Reesimermis nielseni

Scientific classification
- Domain: Eukaryota
- Kingdom: Animalia
- Phylum: Nematoda
- Class: Enoplea
- Order: Mermithida
- Family: Mermithidae
- Genus: Reesimermis
- Species: R. nielseni
- Binomial name: Reesimermis nielseni Tsai & Grundmann, 1969

= Reesimermis nielseni =

- Genus: Reesimermis
- Species: nielseni
- Authority: Tsai & Grundmann, 1969

Species of roundworm

Reesimermis nielseni is a nematode in the family Mermithidae. It is a parasite of the larvae of mosquitoes, spending part of its life cycle in its host's body cavity and part in the water as a free-living worm. It has been investigated as a biological pest control agent to control mosquitoes.

==Description==
This nematode grows to an average length of 15 mm; It tends to be longer in larger hosts and shorter when there are several parasites in one host.

==Ecology==
Reesimermis nielseni is a parasite of the larvae of mosquitoes. It is known to infect 22 different species of mosquito in the wild and another 33 species in the laboratory.

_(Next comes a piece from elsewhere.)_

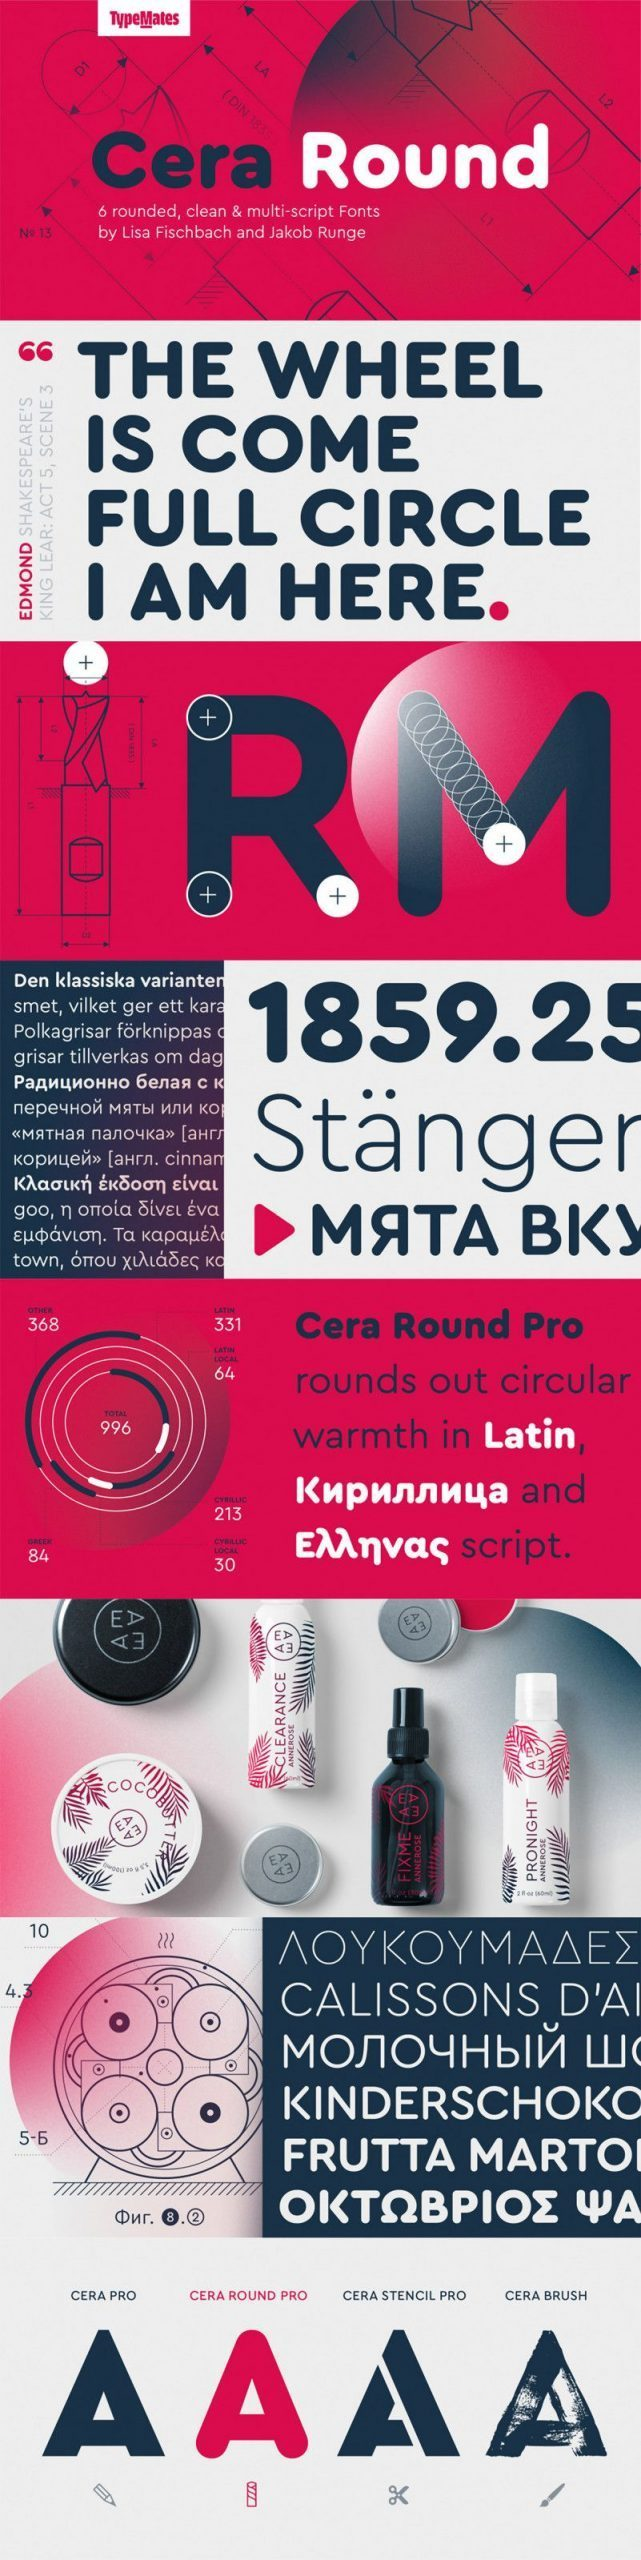 cera-round-pro-font-family-2-scaled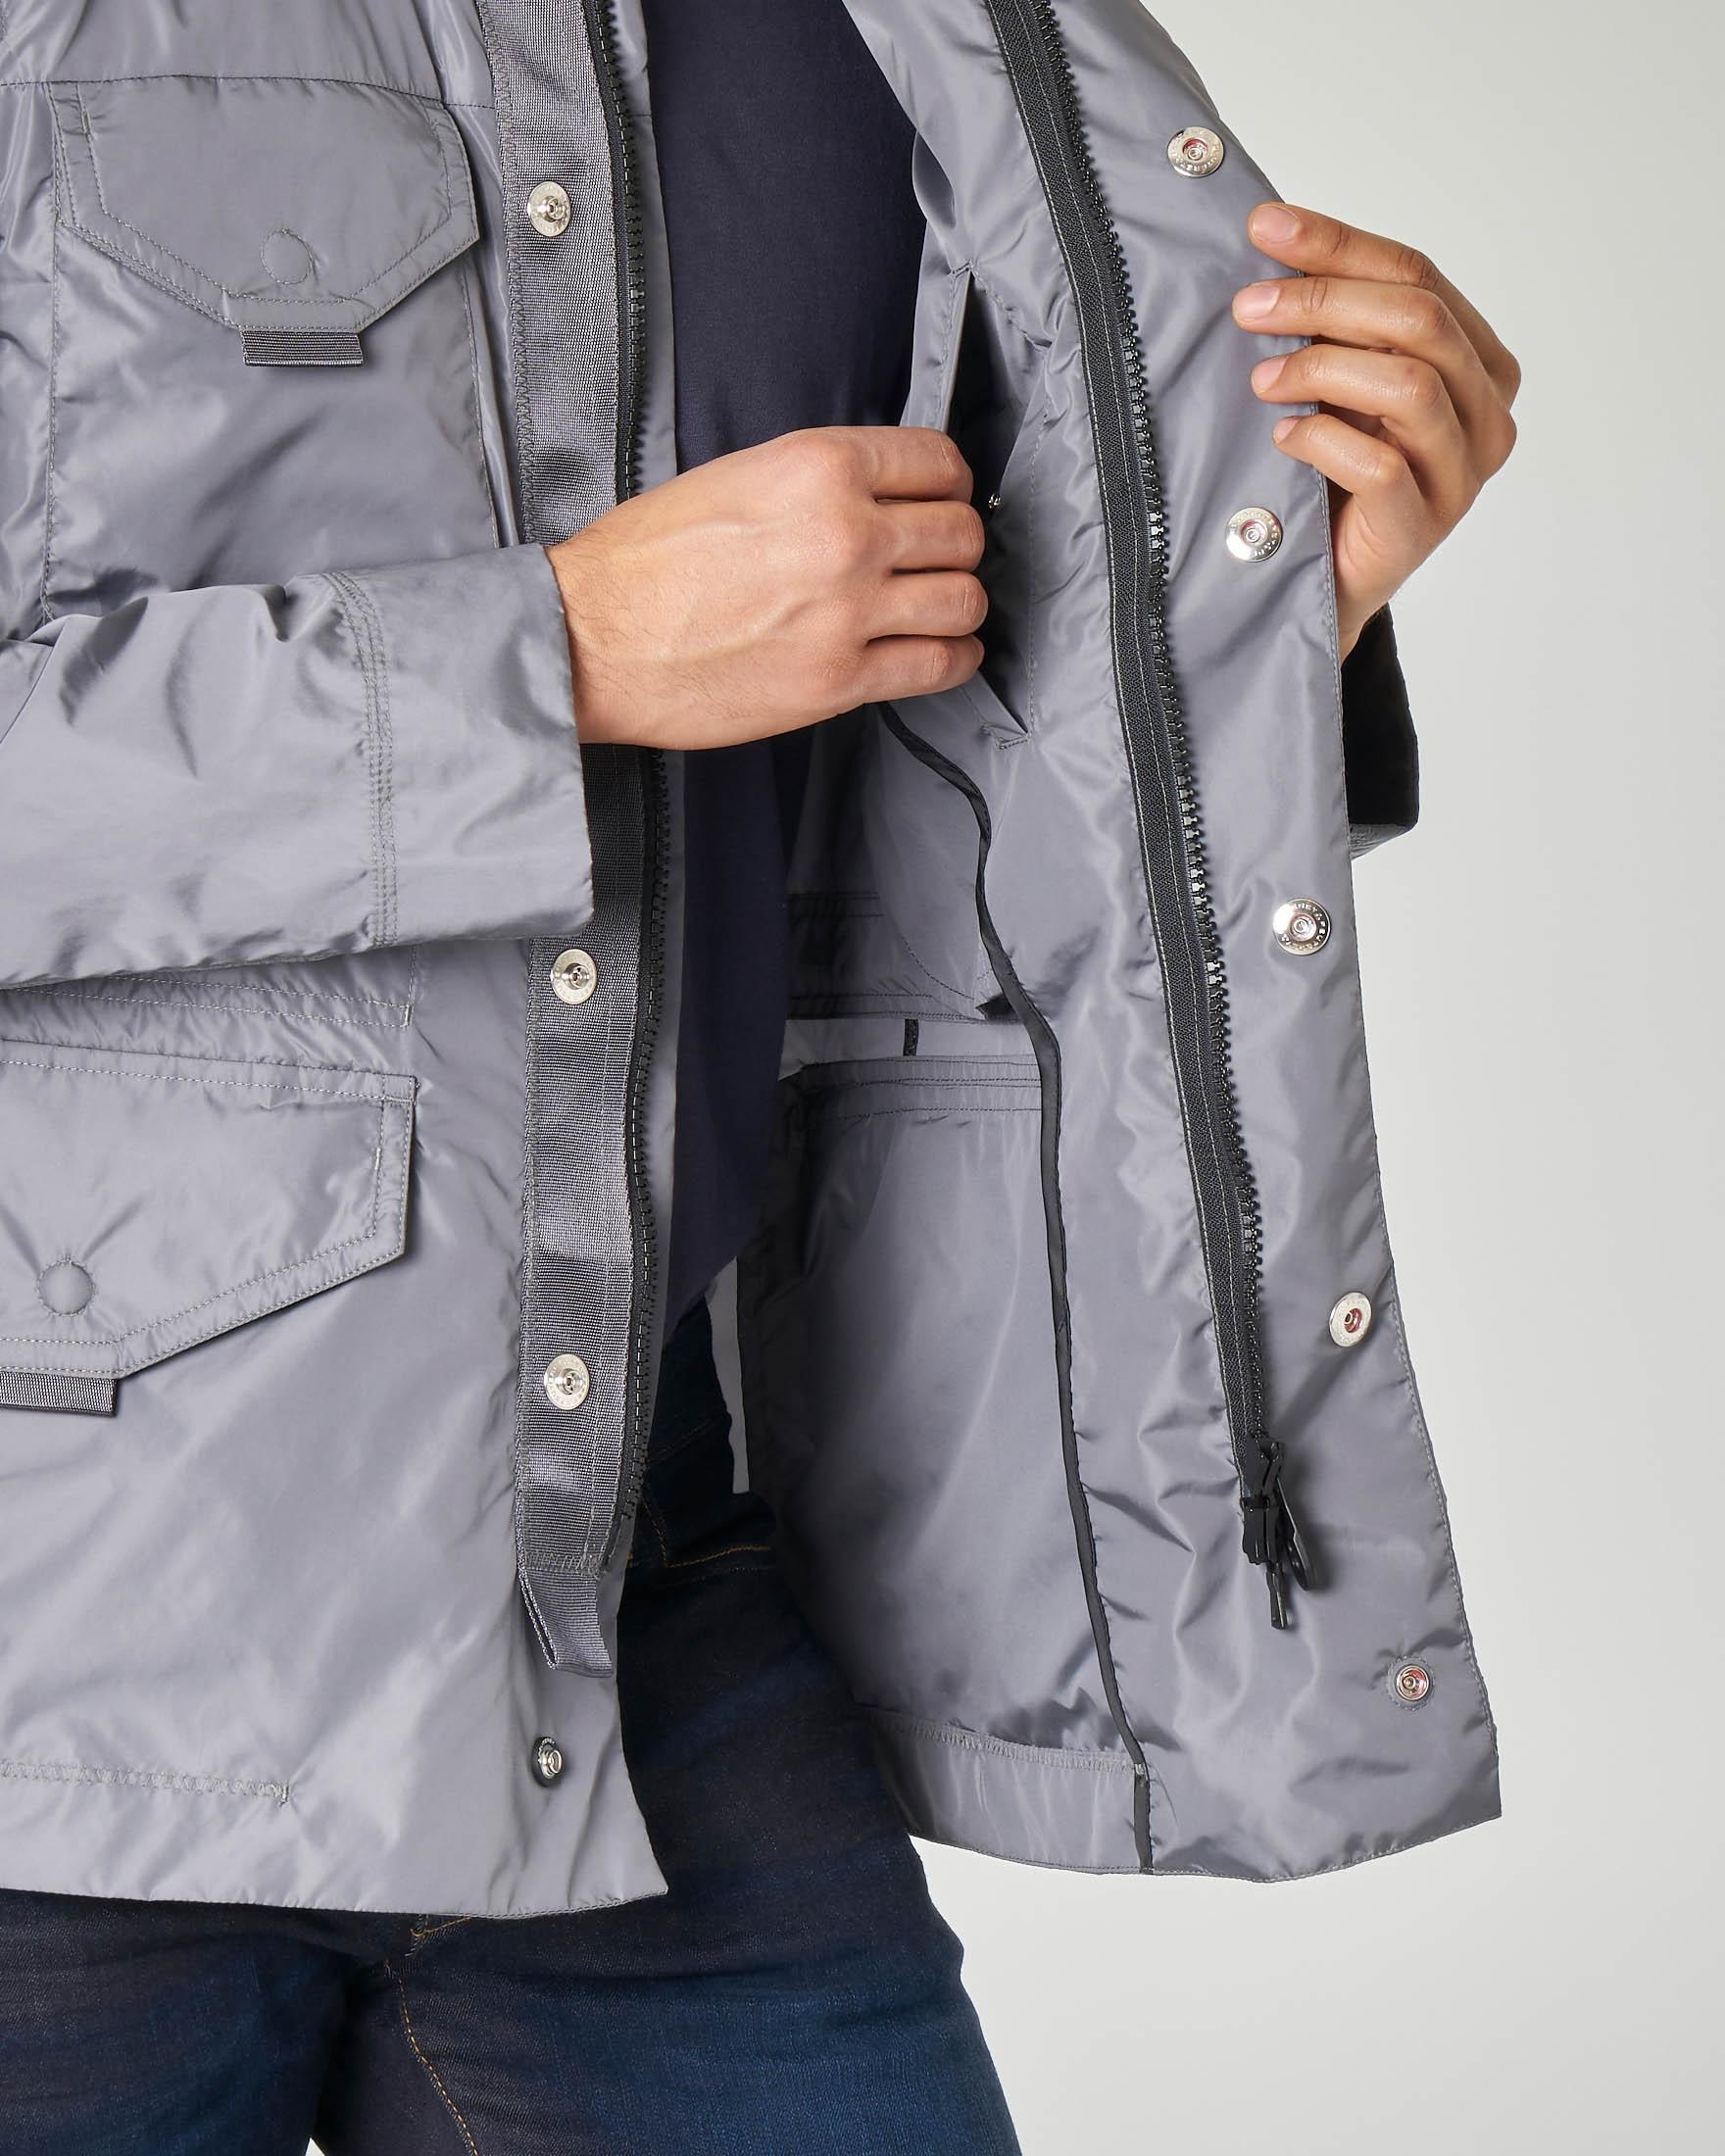 Field jacket grigia in nylon cangiante

On emerging from their host larvae, these nematodes fall to the bottom of the water body. They become sexually mature in about sixty days and females lay a total of around 2,500 eggs over a period of eighteen days or so. The eggs hatch after four weeks and each preparasitic larva searches for a suitable host; it will die if it does not find one within seventy-two hours. It bores a hole through the cuticle of the host mosquito larva with a stylet, and develops in its body cavity. When ready to leave the mosquito larva, it bores a larger hole through which it emerges. The mosquito larva does not survive because its body fluids leak out through the hole.